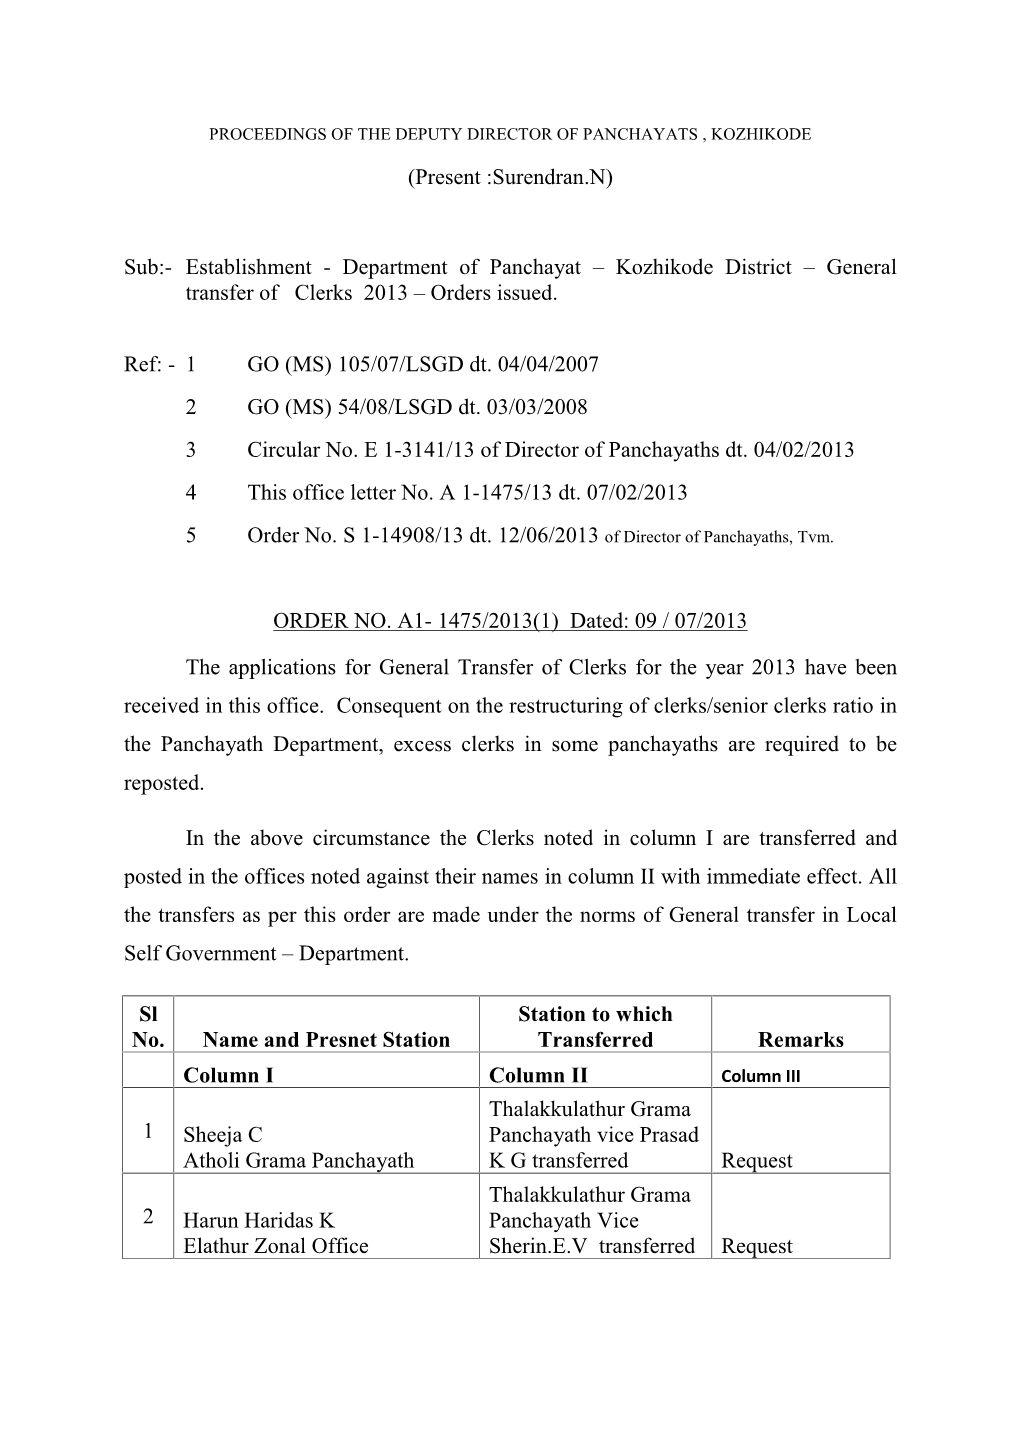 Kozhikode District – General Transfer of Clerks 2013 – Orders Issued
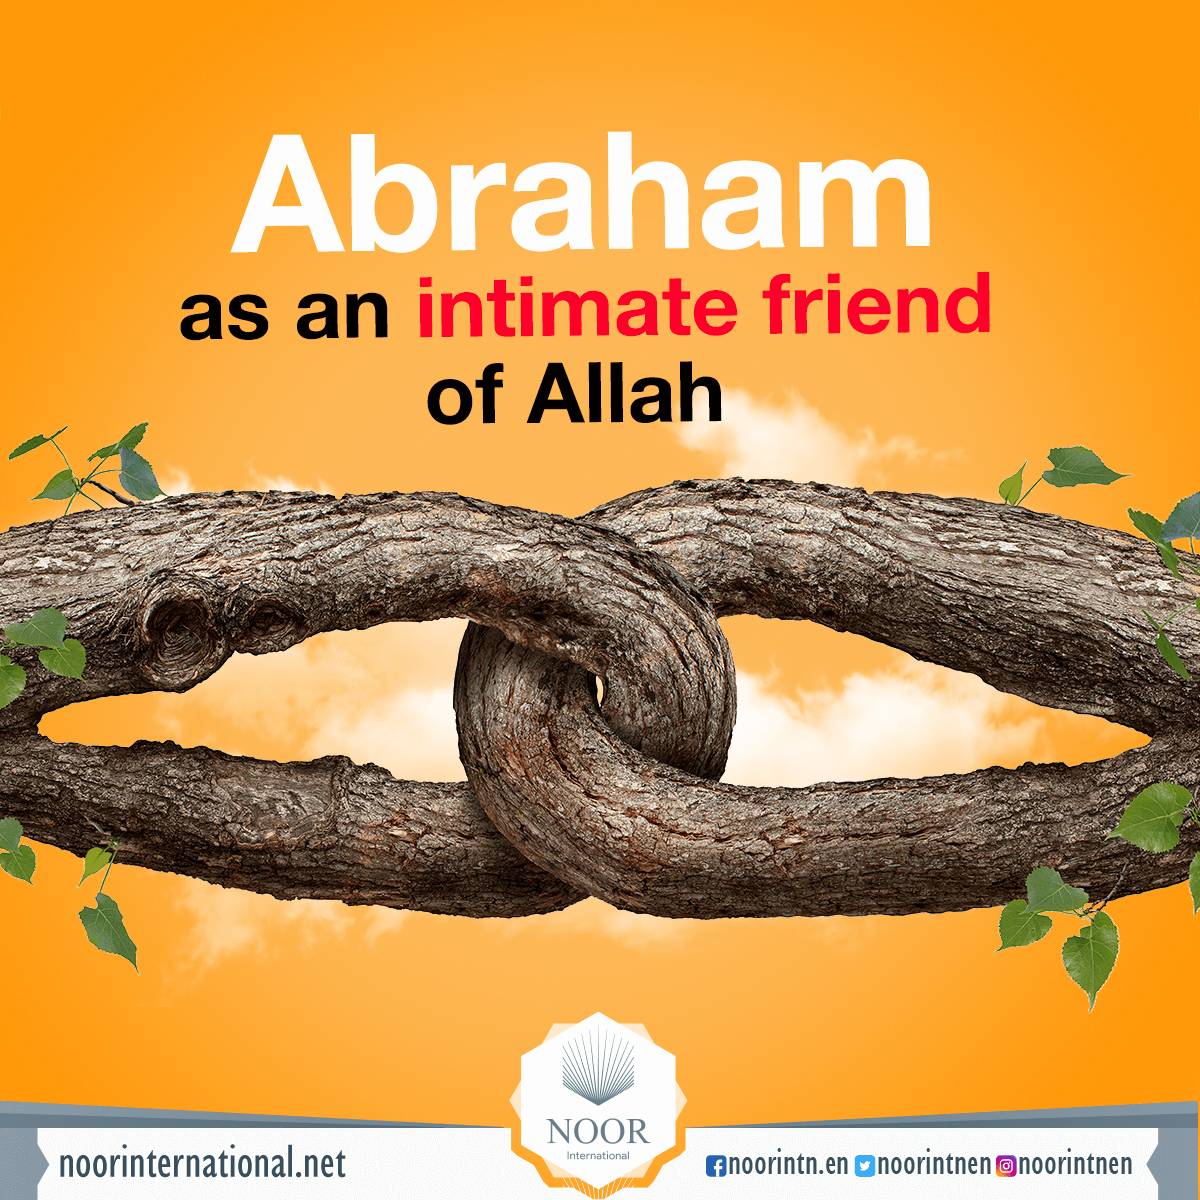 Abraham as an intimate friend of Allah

━━━━━━━━━━

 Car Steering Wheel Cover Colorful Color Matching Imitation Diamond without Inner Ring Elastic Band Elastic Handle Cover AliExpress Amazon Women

━━━━━━━━━━

In the records above, everything from the line with "Kozhikode District –" down to the line with "Abraham as an intimate friend of Allah" must be duplicated exactly, both lines kept. Leave no pictures in.

 Kozhikode District – General Transfer of Clerks 2013 – Orders Issued
 Abraham as an intimate friend of Allah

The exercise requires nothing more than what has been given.